Option #4: Punt and do what Oracle does … move redo log information across the wire. Should work like ganbusters for innodb although its a non starter for myisam.
Fundamentally, if innodb can restore a database from the .idb file + the logs, and I start master and slave with same .idb file, then all I need to ship over the wire is the log blocks. That’ll take care of all synchronization processes and the slave can treat the process similarly to a restore.

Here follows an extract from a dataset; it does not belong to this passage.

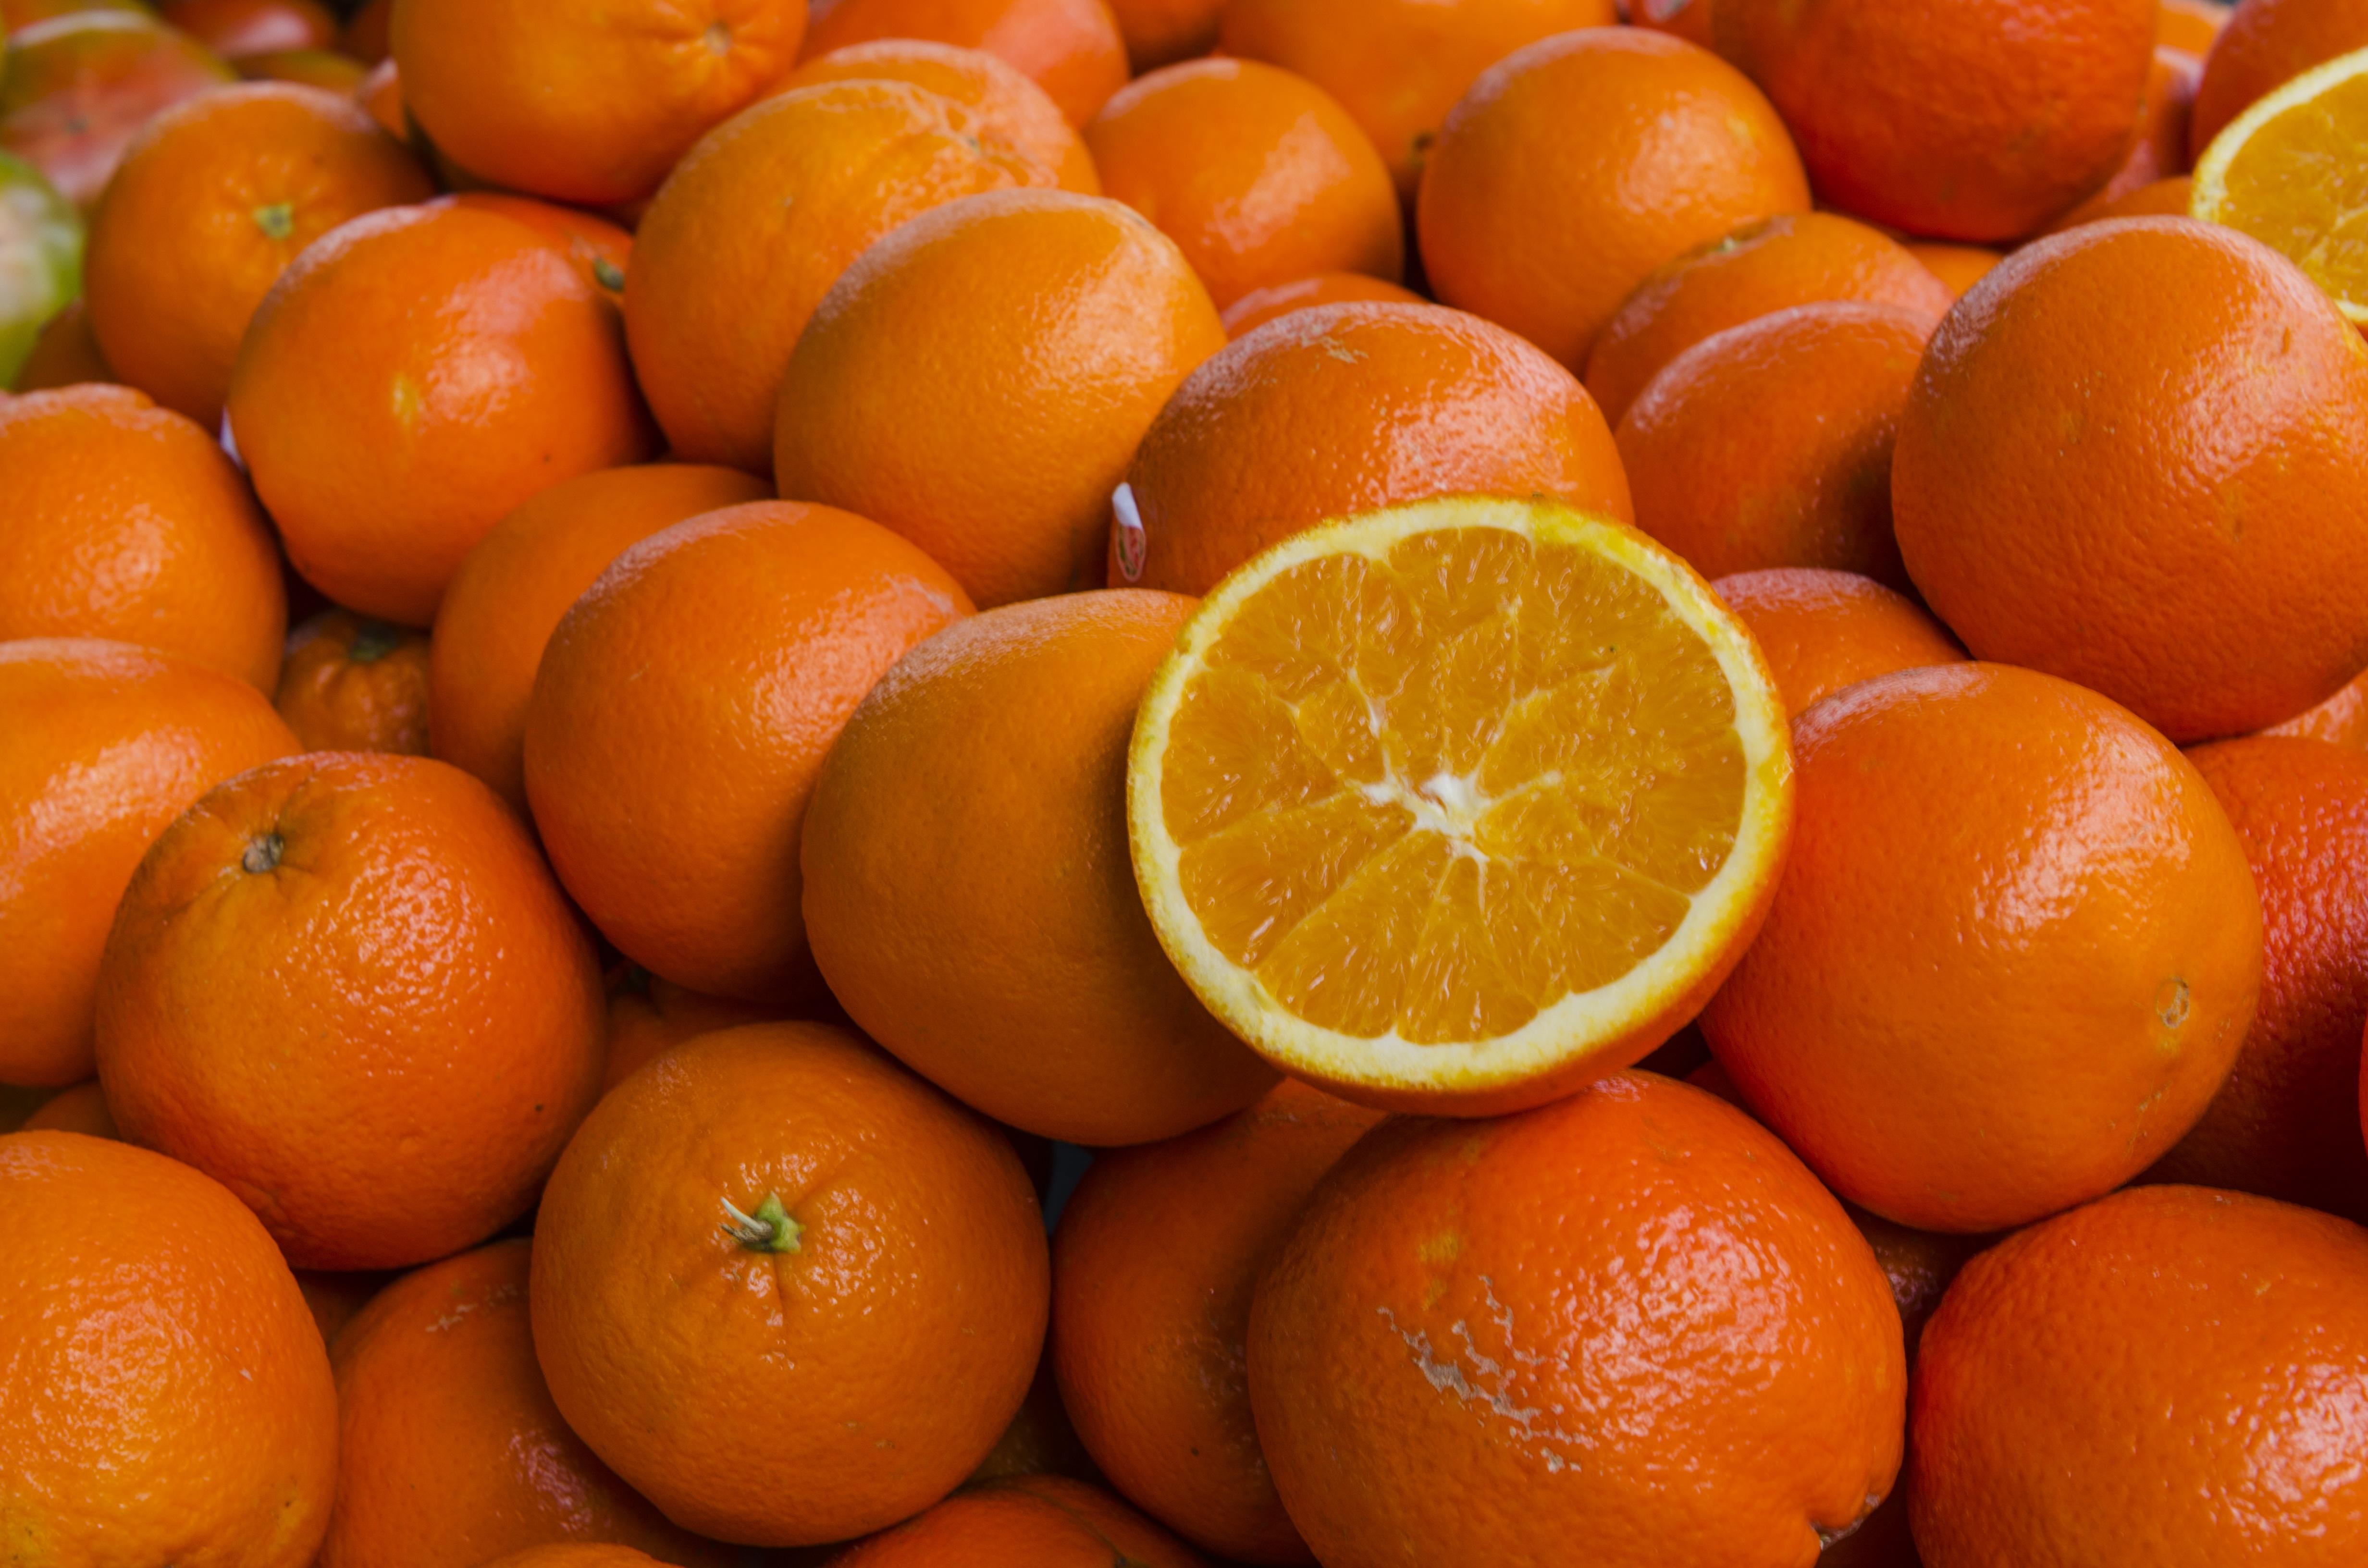 свежие апельсины картинки для водительских

Fundamentally, I think to solve this problem its going to have to happen at a lower level that statement or row based operations.

Patrick Casey

Great minds think alike I suppose :).

Shlomi Noach

Baron,

I was having similar thoughts with regard to solution #2. Moreover, I suggest it can actually be solved outside the server, using a script, given enough privileges and access to mysqlbinlog.

Dathan Pattishall

As part of your serious limitation series I would mention the SQL parser. Additional to this I would mention the benefits of using epoll over the current implementation.

Nickolay Ihalainen

Baron,
You mean scenario like this?

1) on master classify statement
if table.a is modified then write binlog to file 1 (main thread)
if table.b is modified then write binlog to file 2
if table.b modified with table a data then write to file 1 (main thread) and write to all other threads statement WAIT MASTER POS=XXXXX
if table.n modified write to table n % max_slave_threads
if table x engine like myisam then write to file 1 (main thread) and write statement WAIT MASTER POS=YYYYY

2) on slave
connect to main binlog
check if server supports additional binlogs, connect to additional binlogs.
if additional binlog finds WAIT statement it sleeps for master position.

Also a dedicated piece of software can:
1) connect to mysql master
2) read and classify binlog
3) execute in one or n connections statements on slave
4) if slave crashed/disconnected there is no way to detect slave exec position, but we can test/debug all logic and replace the default slave algorithm (optionaly).

Harold A. Scott

Thanks for this article, I understood some parts but not everything, does anybody know of a good executive overview? I am just starting to get into programming so the code parts confused me a bit 🙂